Met de Wno heeft de wetgever destijds uitdrukkelijk gekozen voor de eenhoofdigheid van het ambt van Nationale ombudsman, dit in afwijking van de traditie van collegialiteit die ons openbaar bestuur overigens kenmerkt. In zijn reactie op het onderzoeksrapport «Blik op de toekomst van de Nationale ombudsman»1 heeft de toenmalige Staatssecretaris van Binnenlandse Zaken, J. Kohnstamm, expliciet willen vasthouden aan het beginsel van eenhoofdigheid.2 In het Algemeen Overleg van 4 februari 1998 is niet gebleken dat die visie niet werd gedeeld.3 Ook in het lokaal bestuur was eenhoofdigheid van het ambt van de gemeentelijke ombudsman tot voor zeer kort de vaste praktijk.

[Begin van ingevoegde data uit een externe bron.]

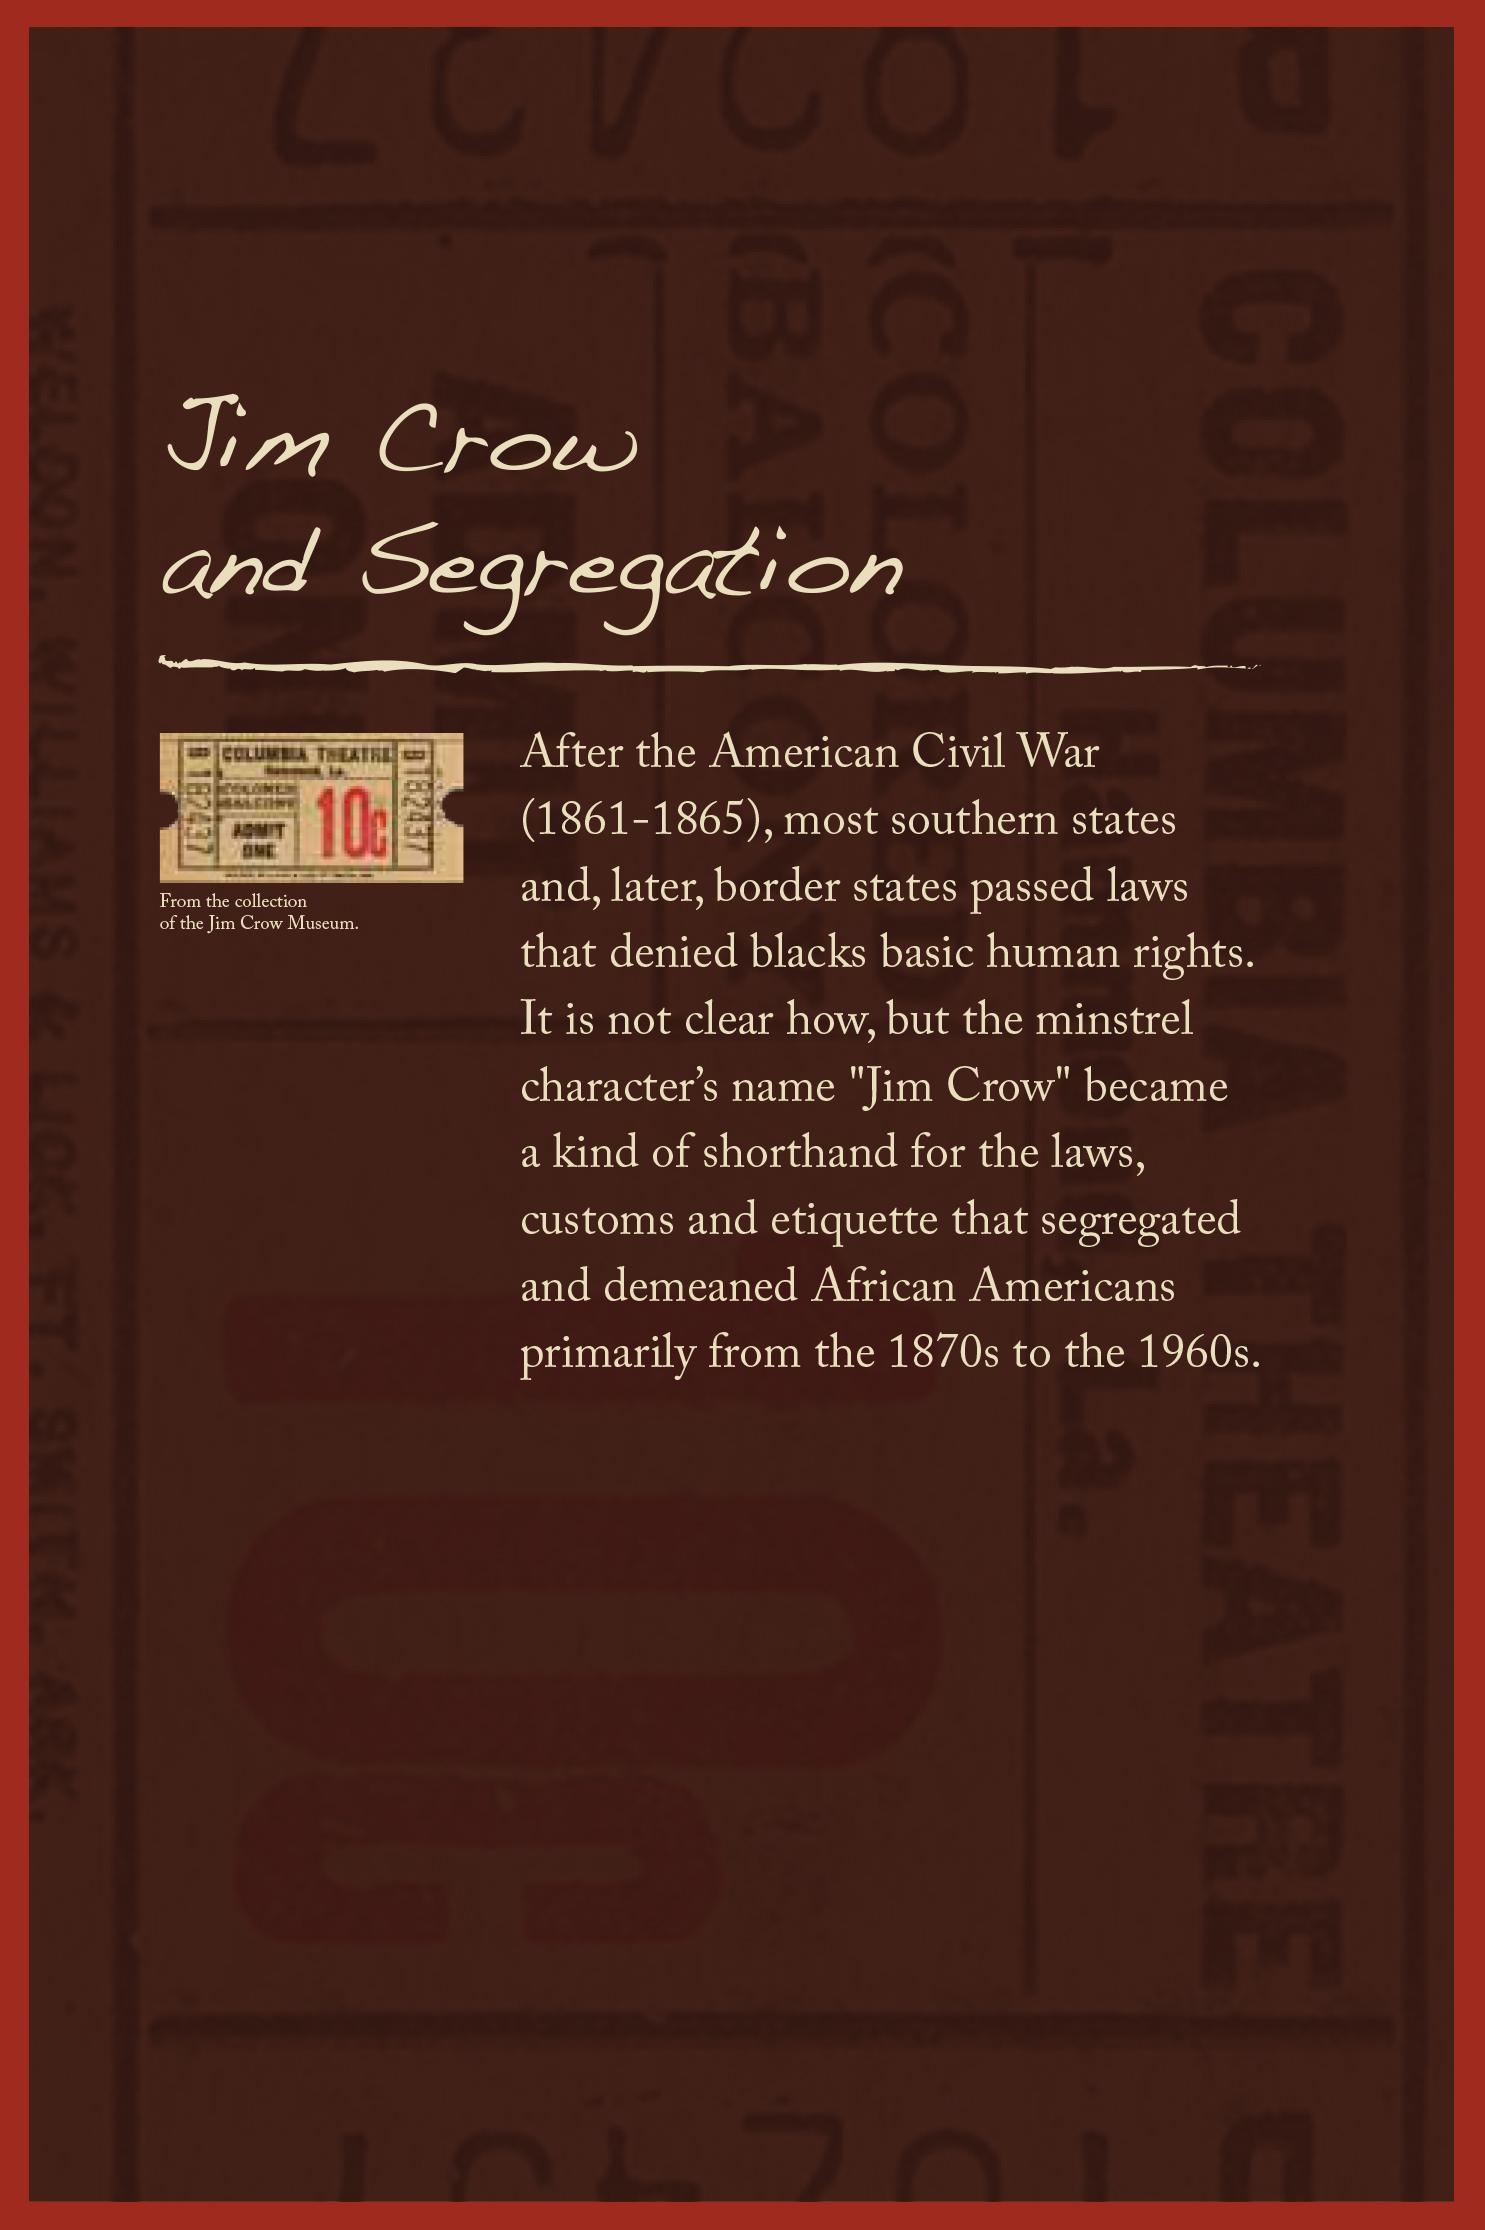 JIm Crow and Segregation.jpg

Internationaal gezien, is eenhoofdigheid van het ambt van ombudsman eveneens het vaste patroon. Ratio van de eenhoofdigheid is de herkenbaarheid van het ambt van ombudsman, door de persoon die het bekleedt, naar de burger, als tegenhanger tegenover een vaak anonieme overheid. De ombudsman heeft alle mogelijkheid zijn eigen stempel te drukken op zijn ambtsvervulling. Het gezag van ambt en ambtsdrager vloeien aldus in elkaar over.

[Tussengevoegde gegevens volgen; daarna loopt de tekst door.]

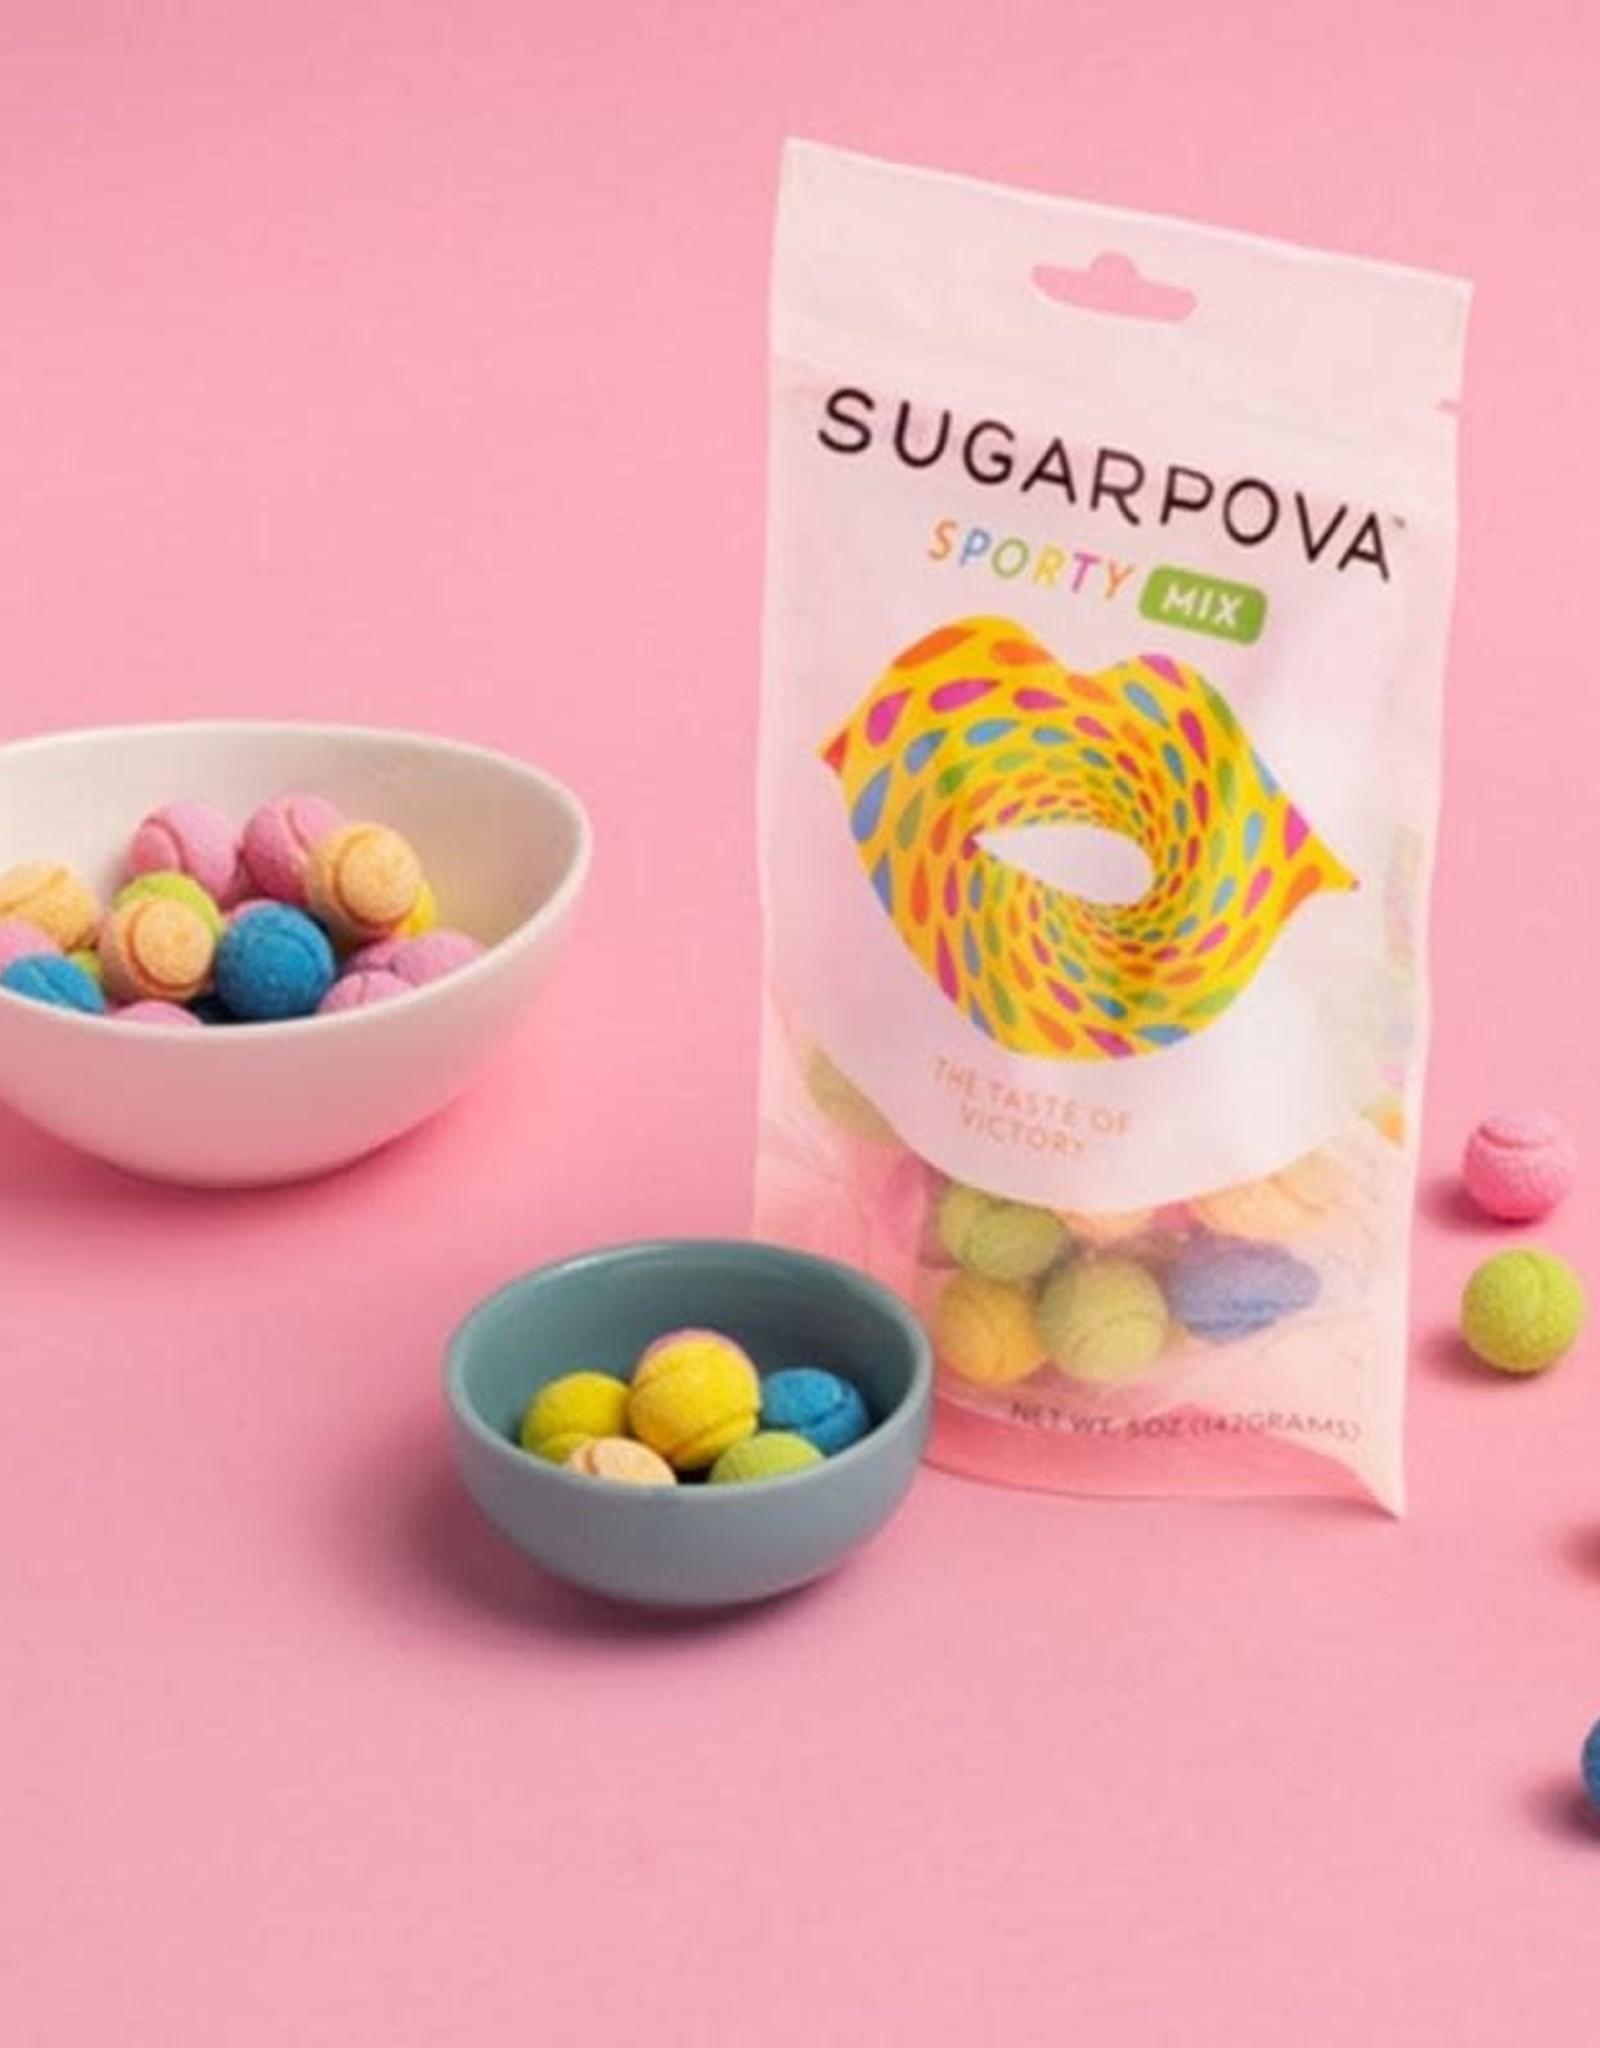 Sugarpova Sugarpova Sporty Mix Gumballs  5oz. Fruity

Het is de Raad opgevallen dat de figuur van de ombudscommissie in de toelichting op het wetsvoorstel slechts geheel terloops wordt geïntroduceerd4, en dat deze opmerkelijke breuk met eerdere keuzes elke motivering, met verwijzing naar een visie op het ambt van ombudsman, mist. Dat het wetsvoorstel aldus kennelijk rekening wil houden met het feit dat intussen een aantal gemeenten een ombudscommissie heeft ingesteld, kan de Raad er niet van overtuigen dat deze breuk gerechtvaardigd is. Evenmin kan de omstandigheid dat in kleinere gemeenten onvoldoende draagvlak bestaat voor een eigen ombudsman naar het oordeel van het college worden aangemerkt als een rechtvaardiging om die gemeenten tegemoet te komen door het afwijken van het beginsel van eenhoofdigheid, zoals dat voor het overgrote deel van het openbaar bestuur de ombudsman kenmerkt. Voor het verkrijgen van een toereikend draagvlak bestaan immers voldoende en passende andere mogelijkheden, namelijk samenwerking tussen gemeenten (zoals die in een aantal gemeenten al tot stand is gebracht), voorzover de desbetreffende gemeente niet wenst te kiezen voor het alternatief van aansluiting bij de Nationale ombudsman. De Raad wijst er verder op dat juist in gemeenten waar een commissie de oplossing moet bieden voor het draagvlakprobleem de taak van de commissieleden zich veelal zal beperken tot het voorbereiden en bijwonen van vergaderingen, terwijl het feitelijke werk geheel wordt gedaan door de ambtelijke staf. Daarmee mist de ombudscommissie dan de eigen inbreng van de ambtsdrager zoals die kenmerkend is voor een eenhoofdig ambt.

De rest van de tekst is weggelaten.